EXERCISE REQUIREMENTS
From first line to last, transcribe the listing exactly and skip any image.

DATA EXTRACT
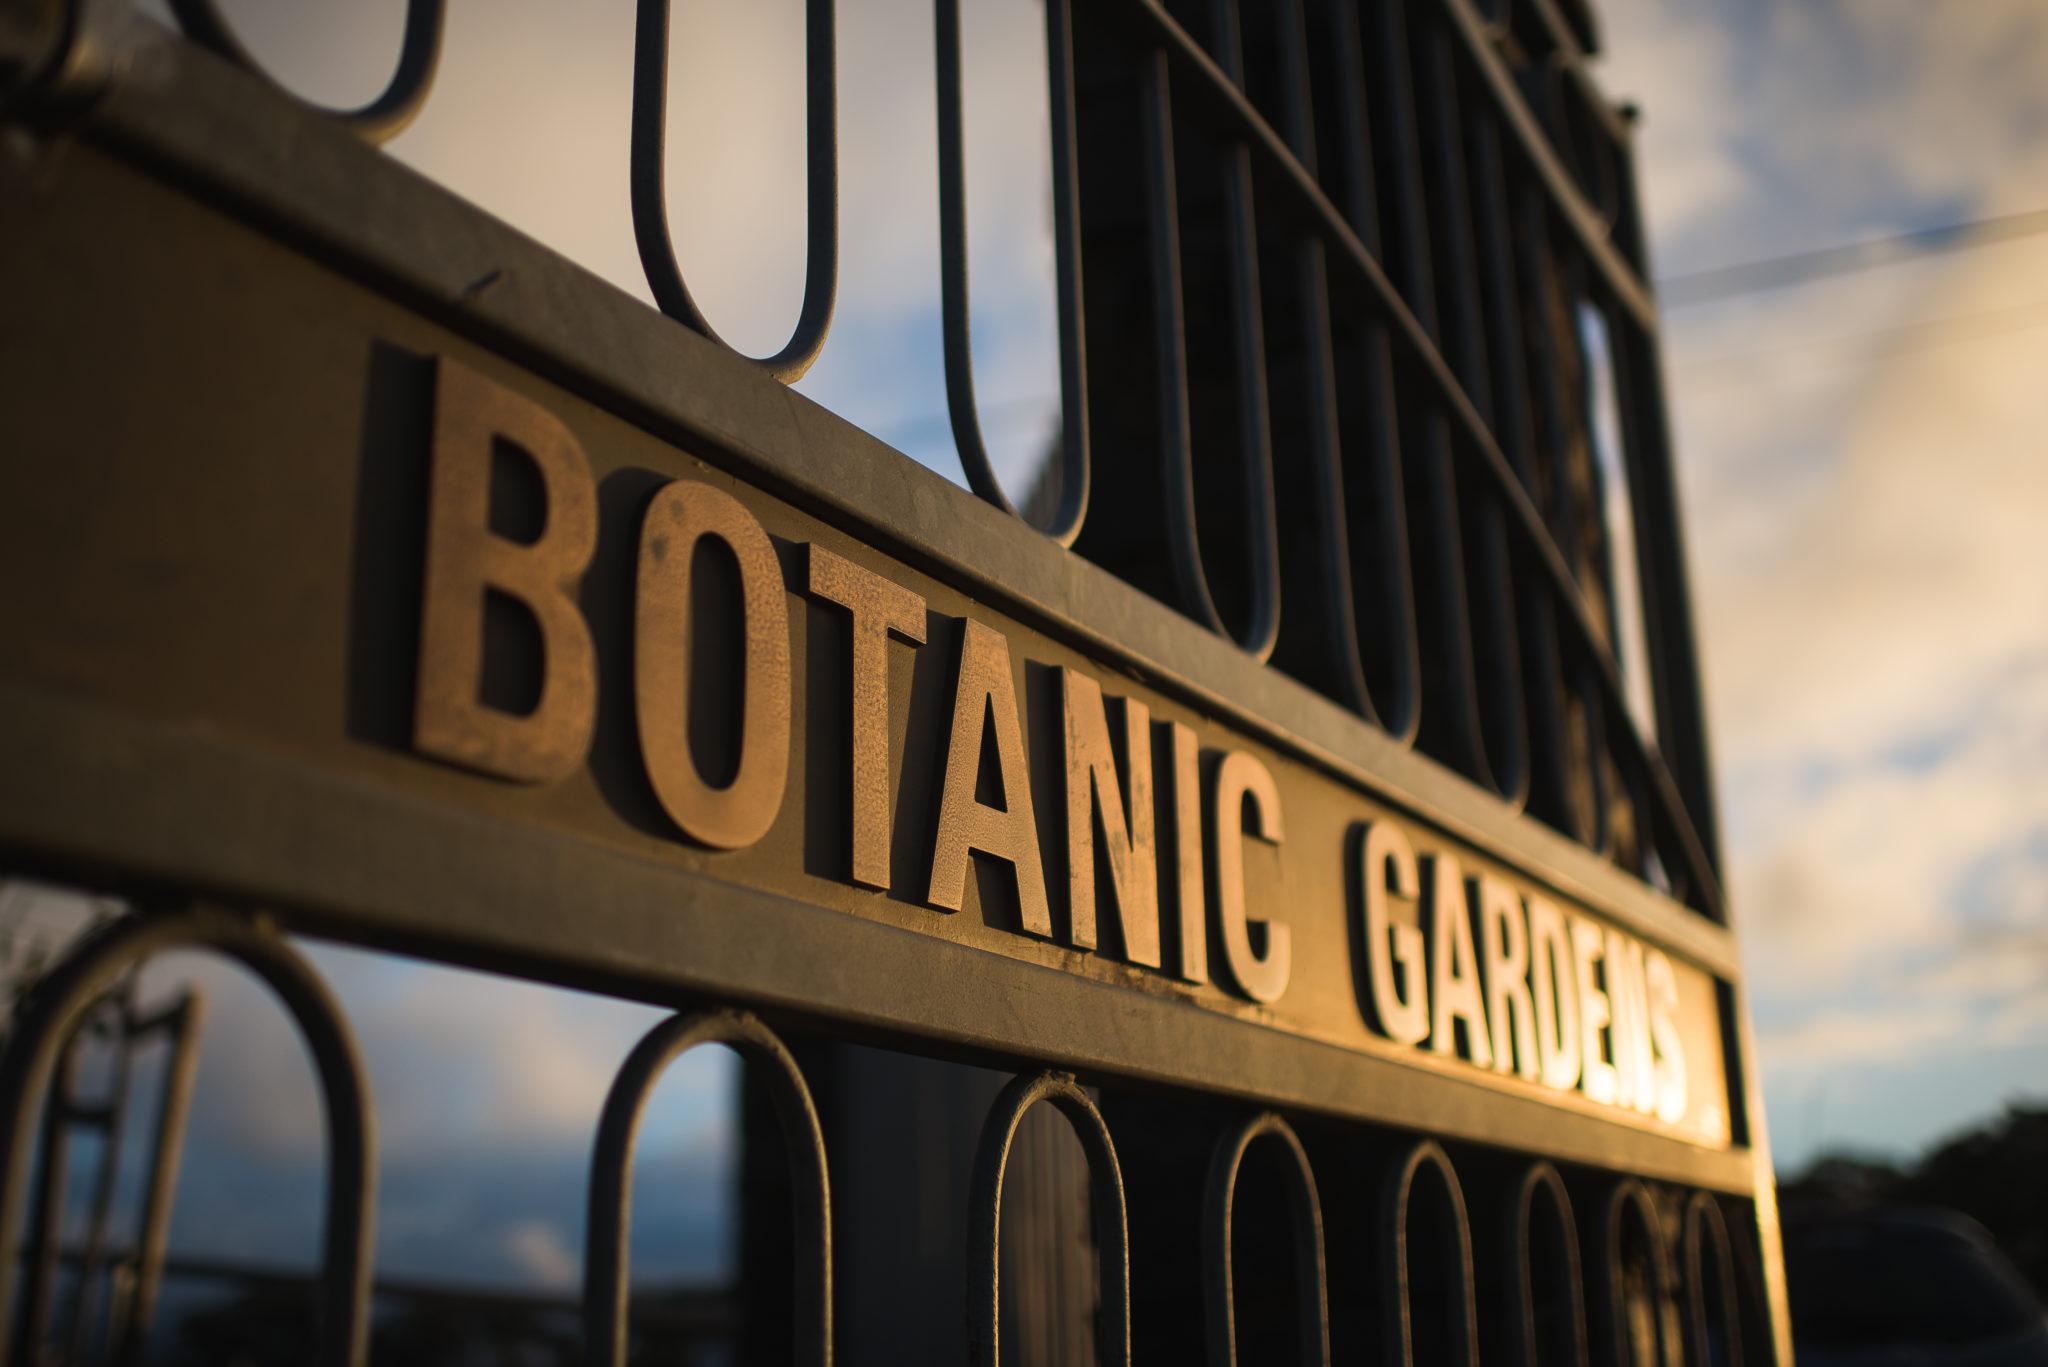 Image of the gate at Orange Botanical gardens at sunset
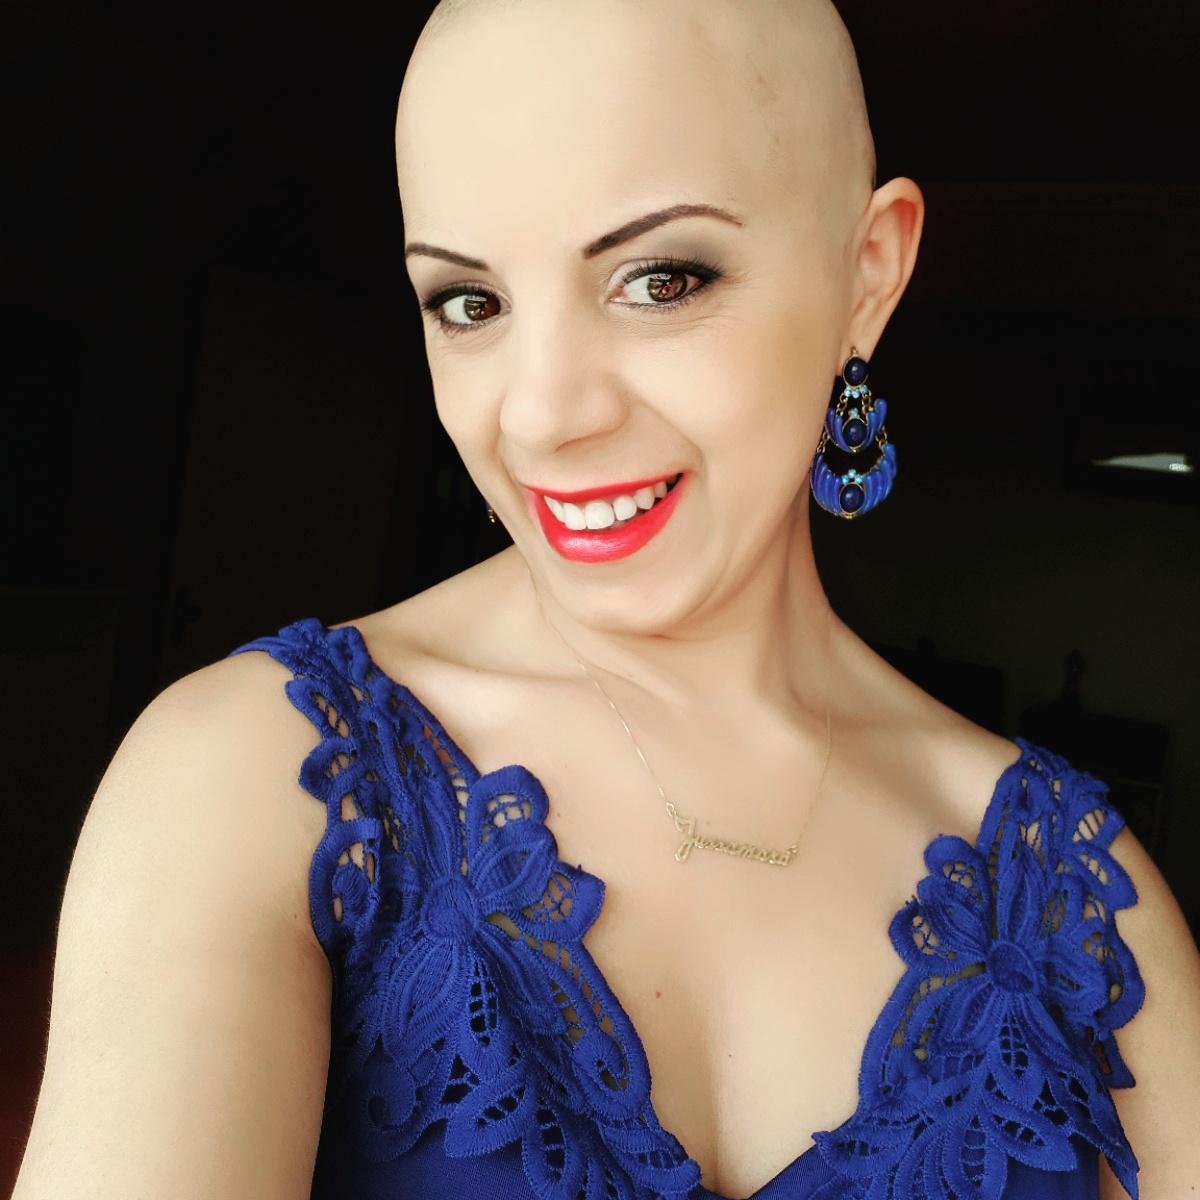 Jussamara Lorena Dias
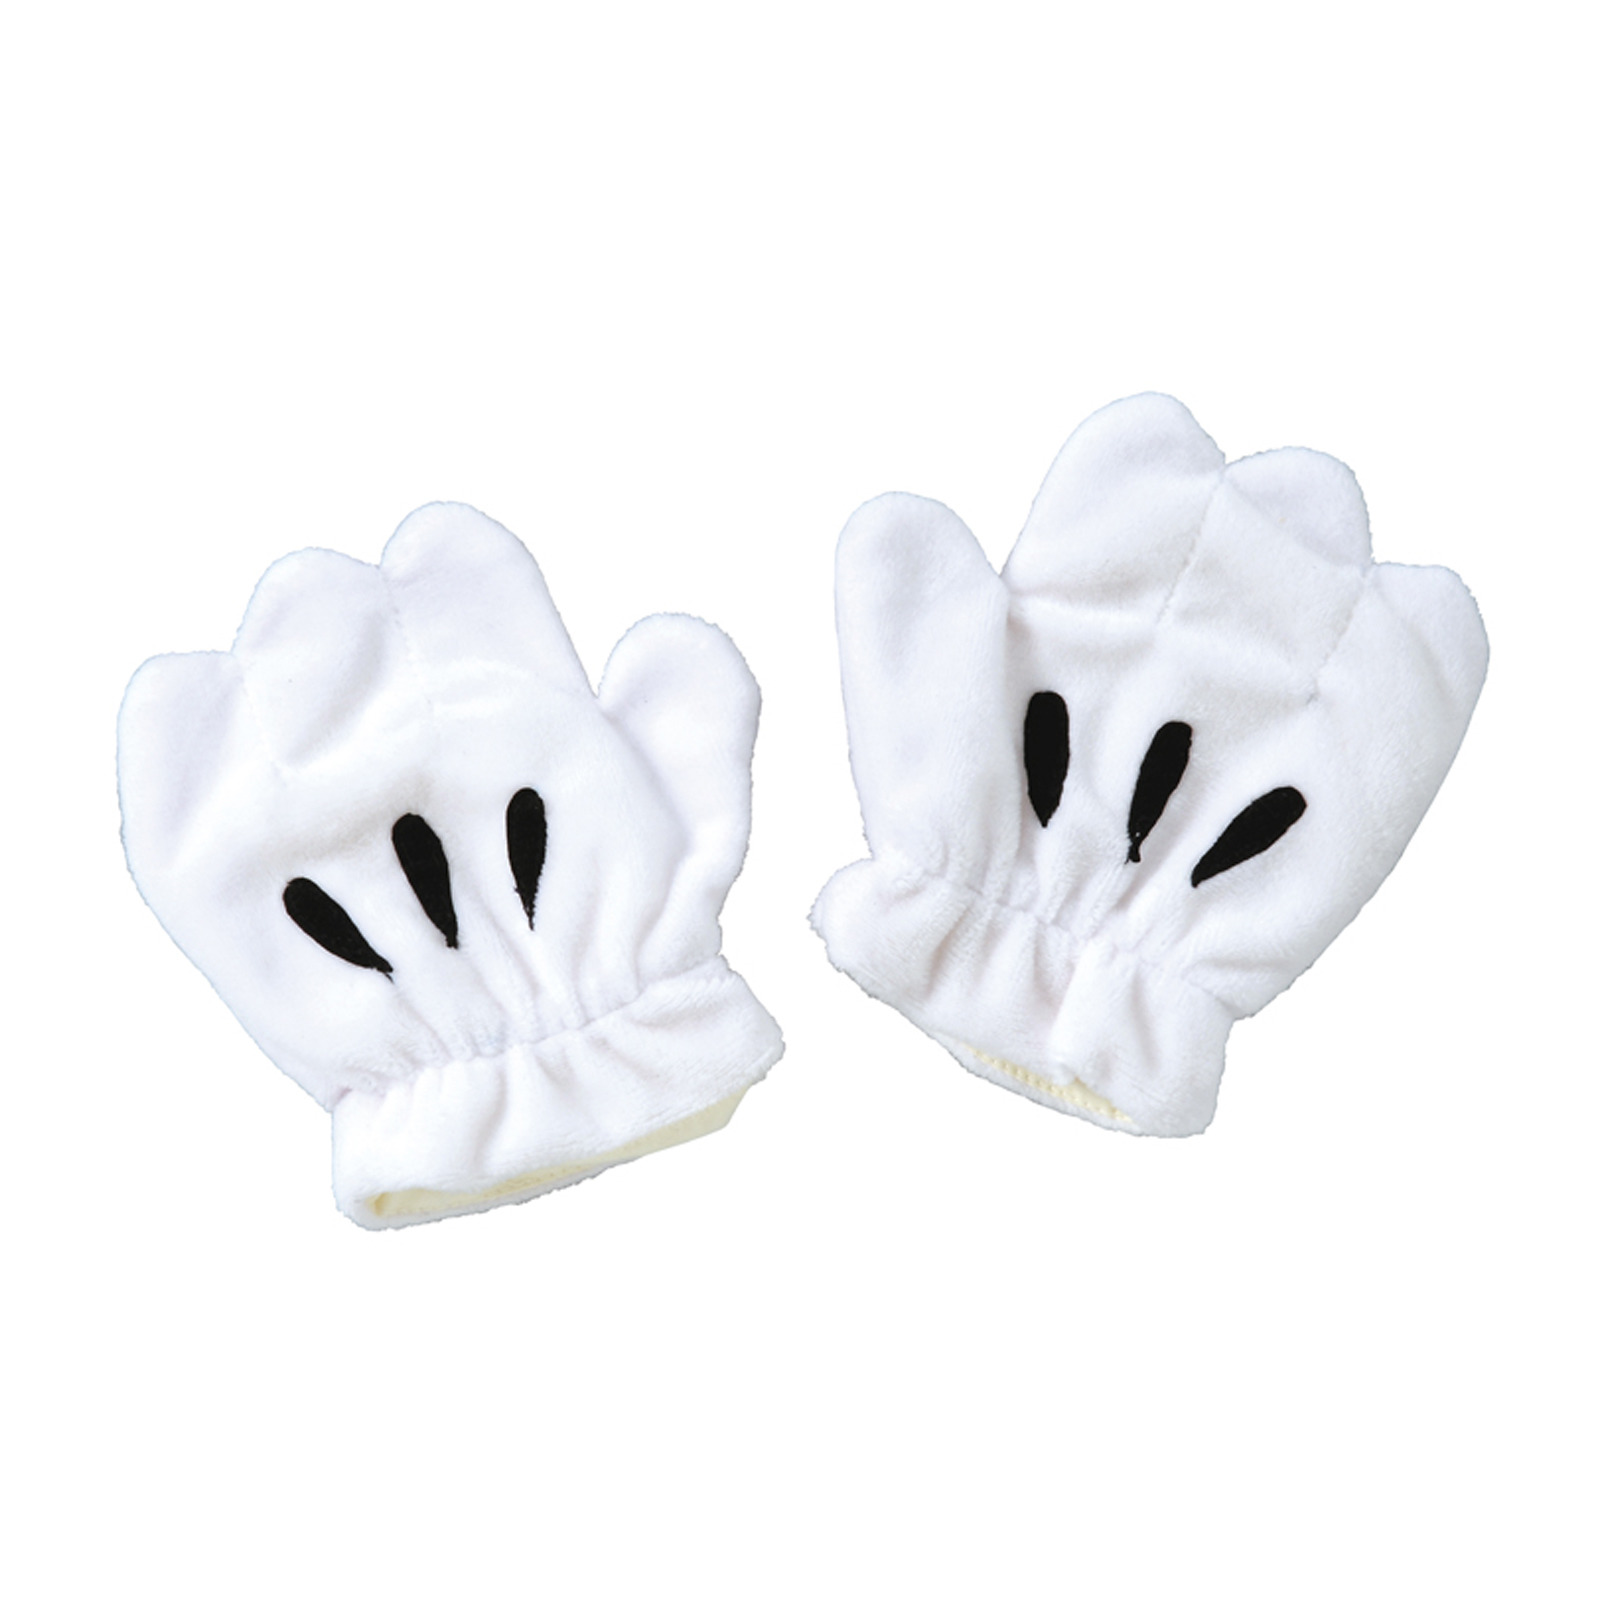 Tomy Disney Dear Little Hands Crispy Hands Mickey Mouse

ANSWER FOR THE TASK
 Image of the gate at Orange Botanical gardens at sunset
 Jussamara Lorena Dias
 Tomy Disney Dear Little Hands Crispy Hands Mickey Mouse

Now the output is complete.